◆ WORK TASK ◆
Set down the data below exactly; pictures stay out.

◆ COLLECTED DATA ◆

+++

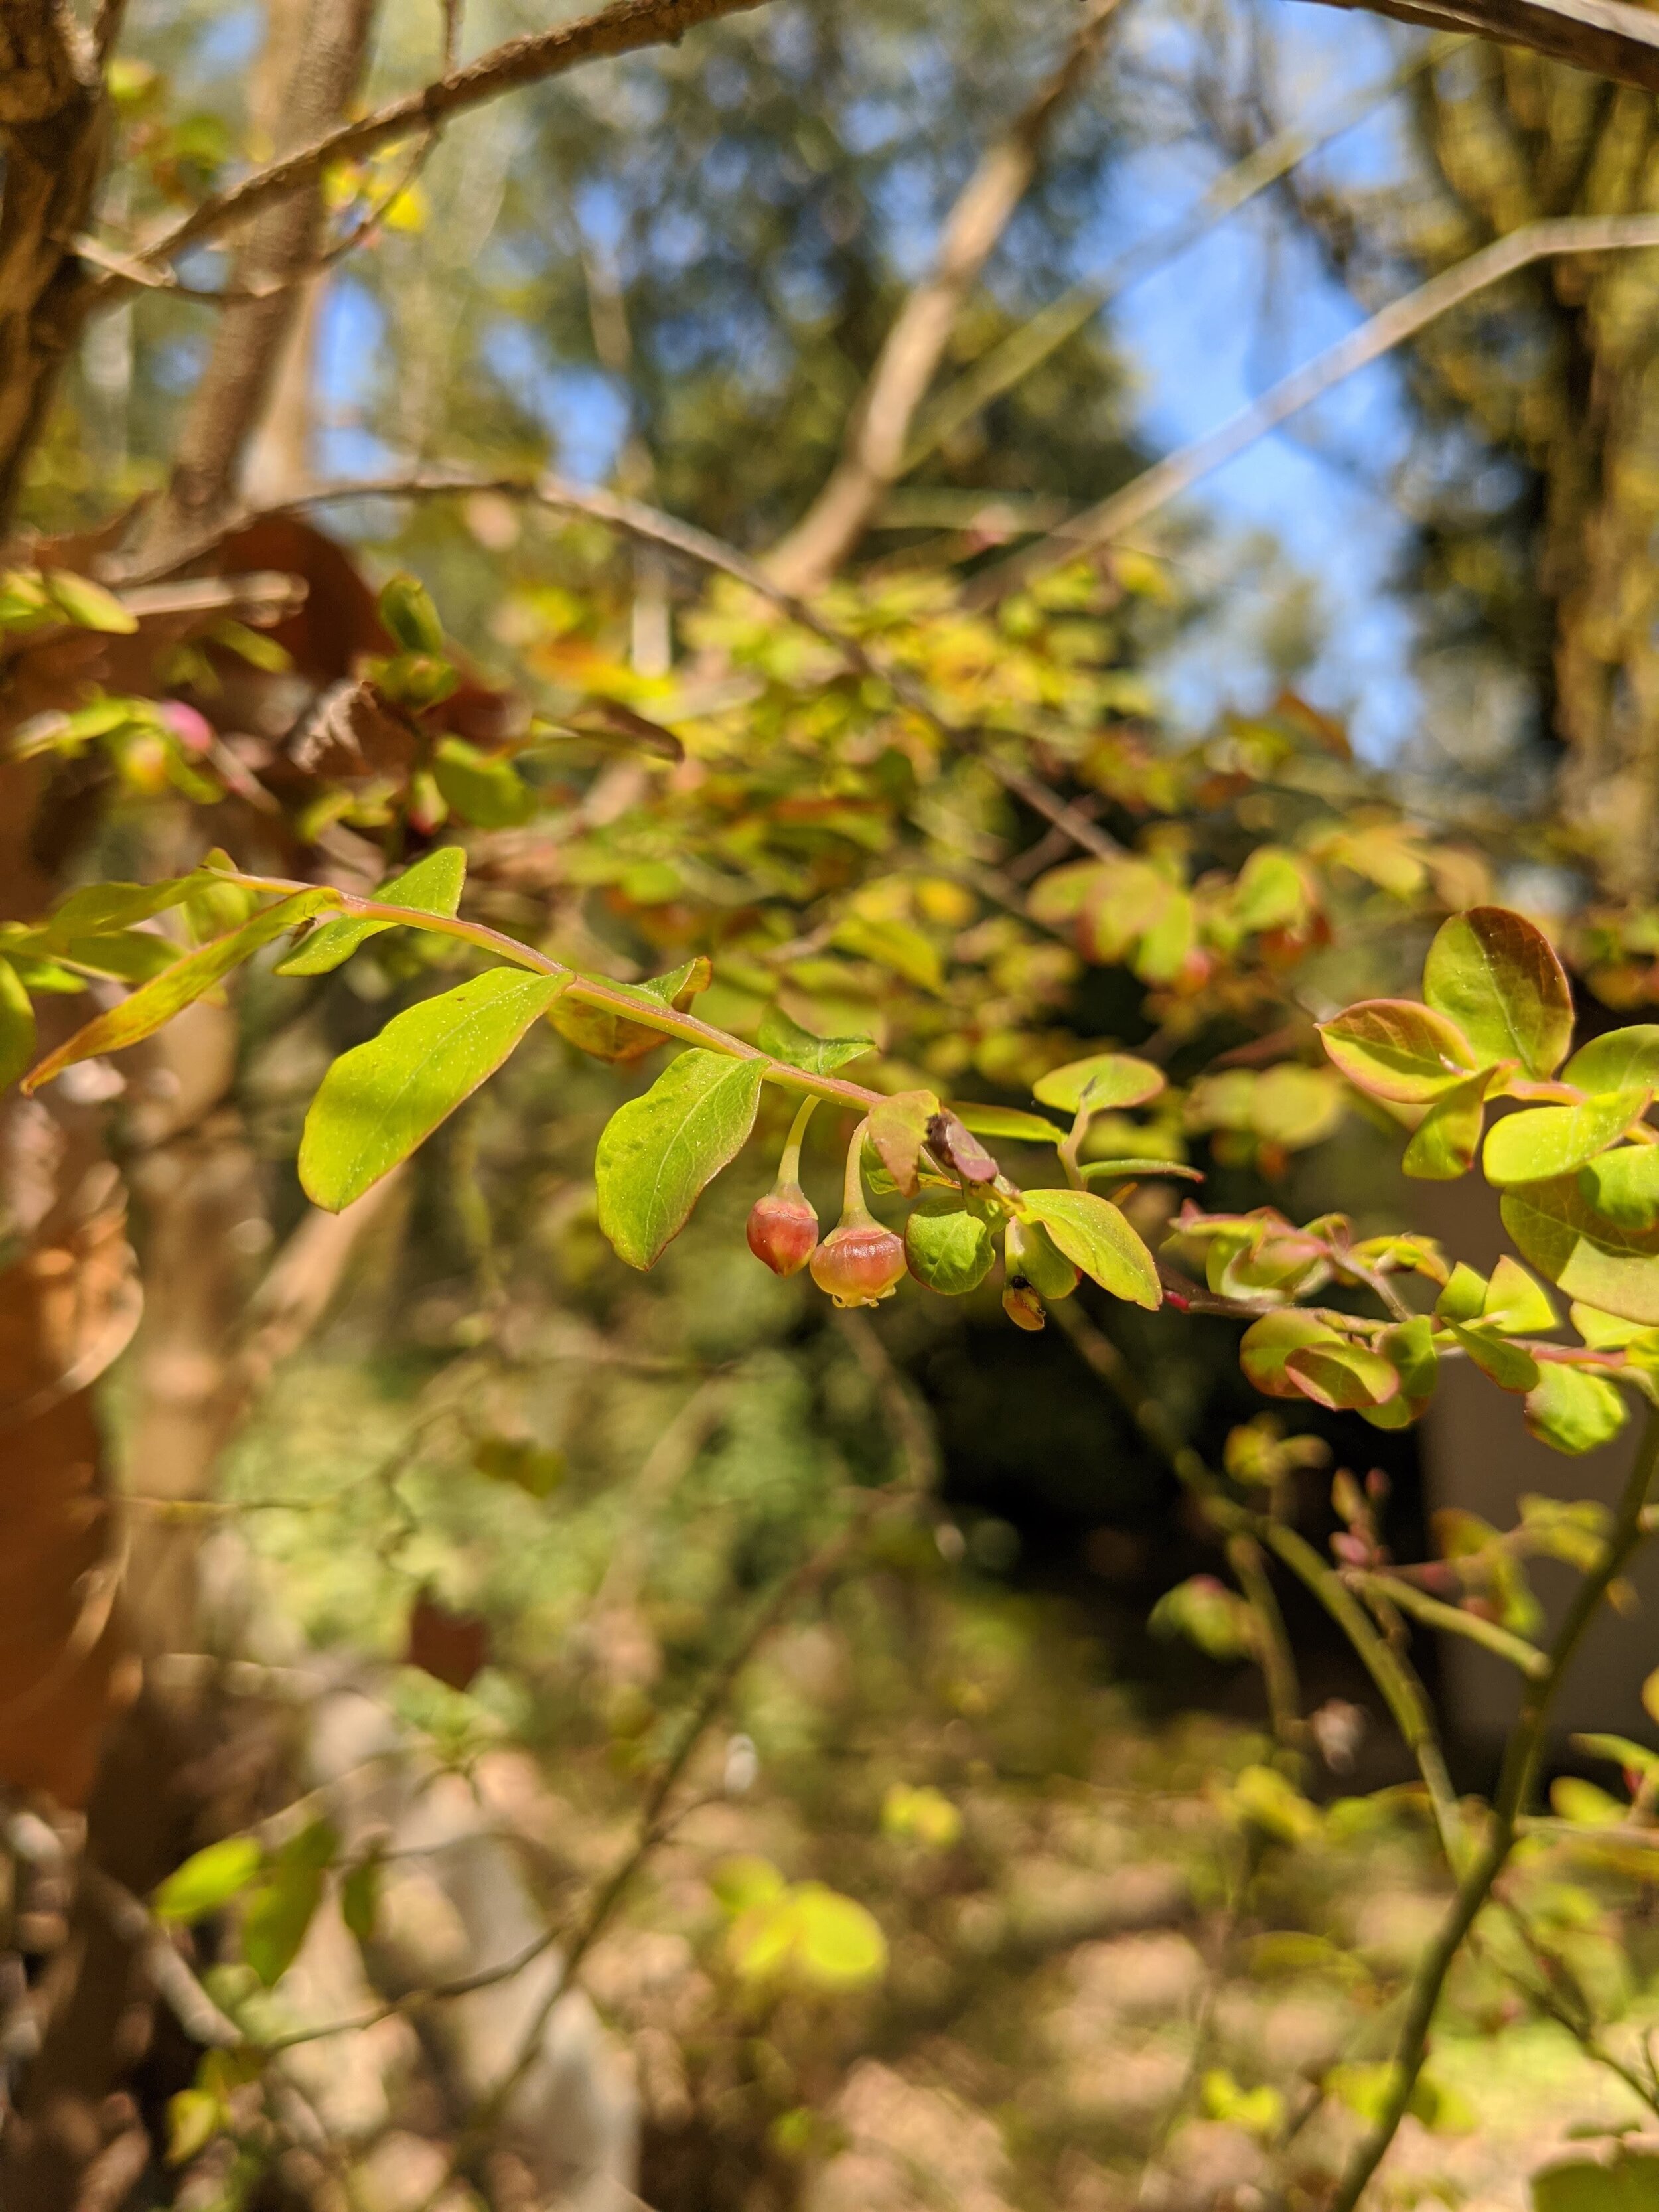 Red Huckleberry
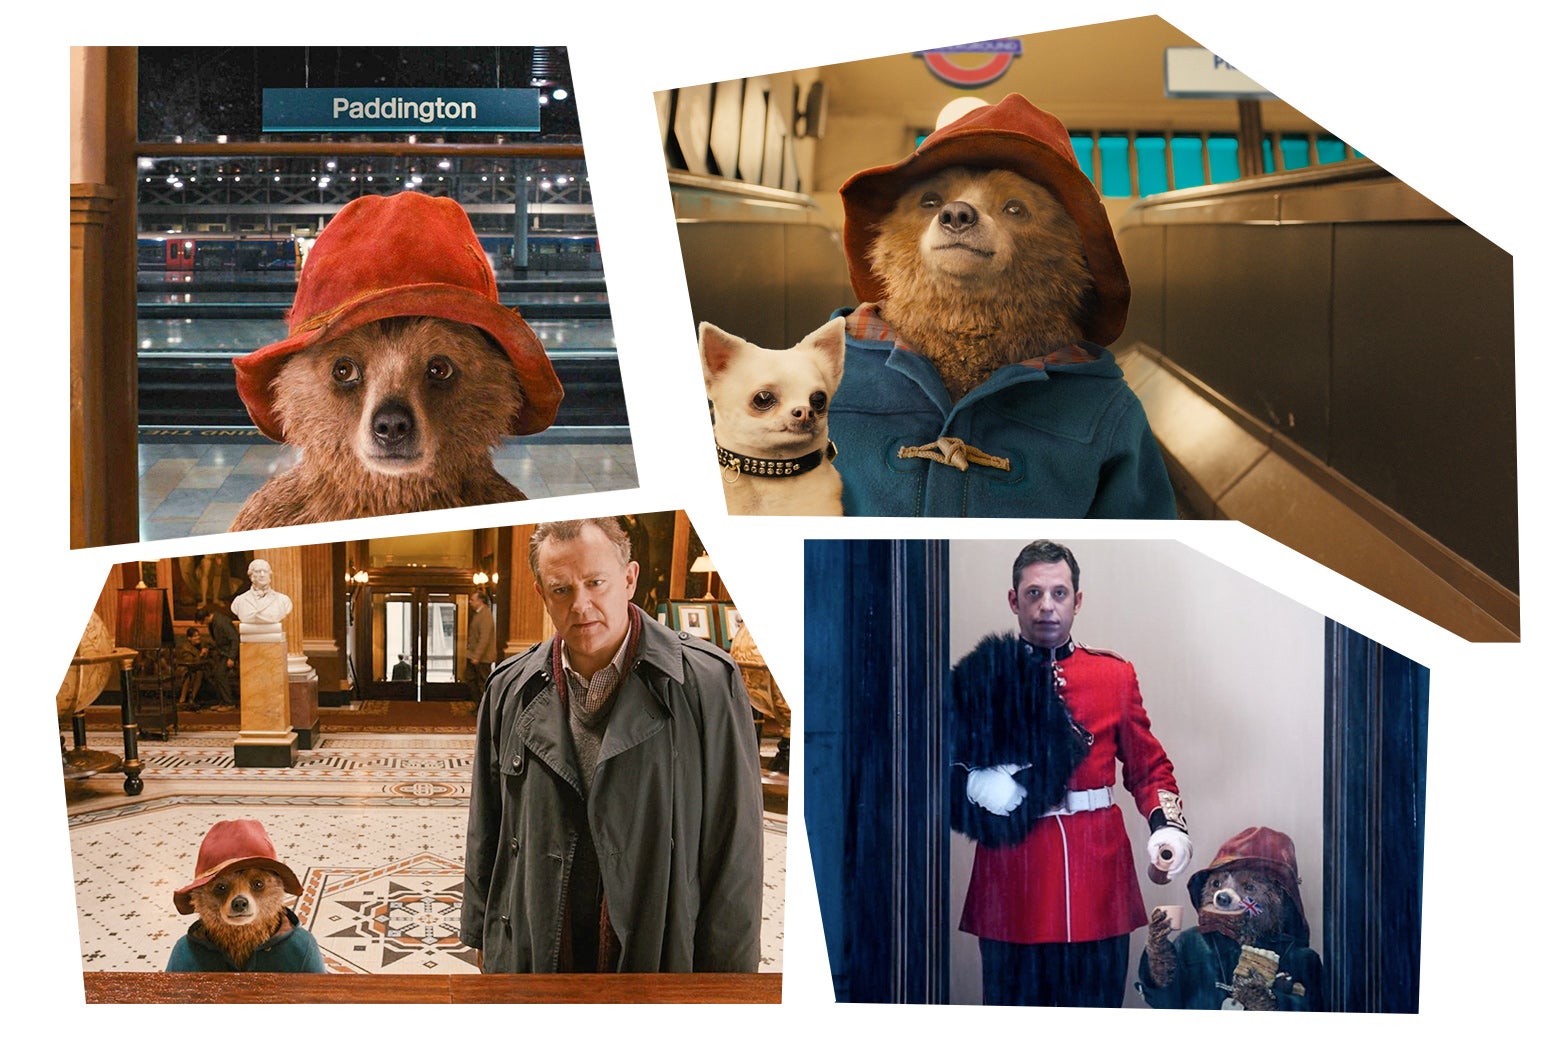 A collage in the usual style, except in place of four stills from four different movies, it just shows four stills from Paddington.
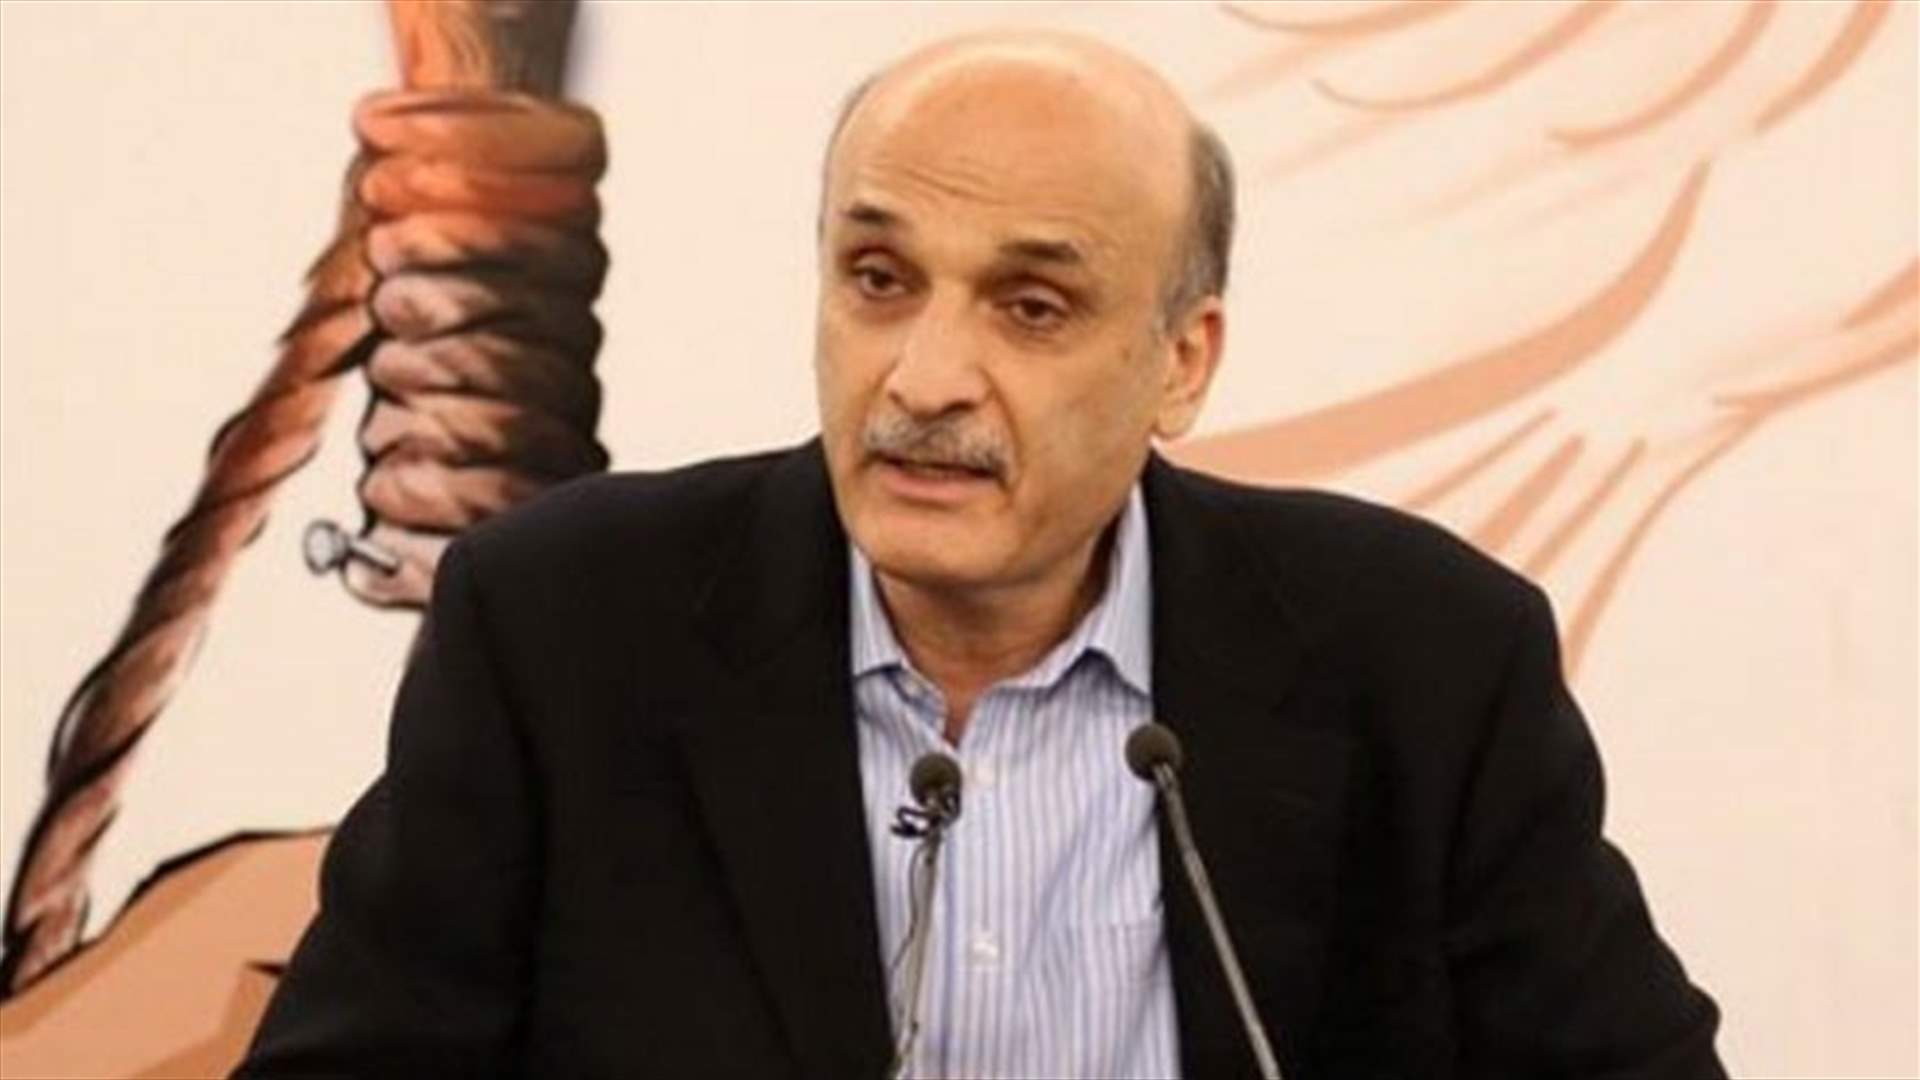 Geagea: Some sides are trying to exclude LF from new government

+++

◆ EXERCISE RESPONSE ◆
 Red Huckleberry
 A collage in the usual style, except in place of four stills from four different movies, it just shows four stills from Paddington.
 Geagea: Some sides are trying to exclude LF from new government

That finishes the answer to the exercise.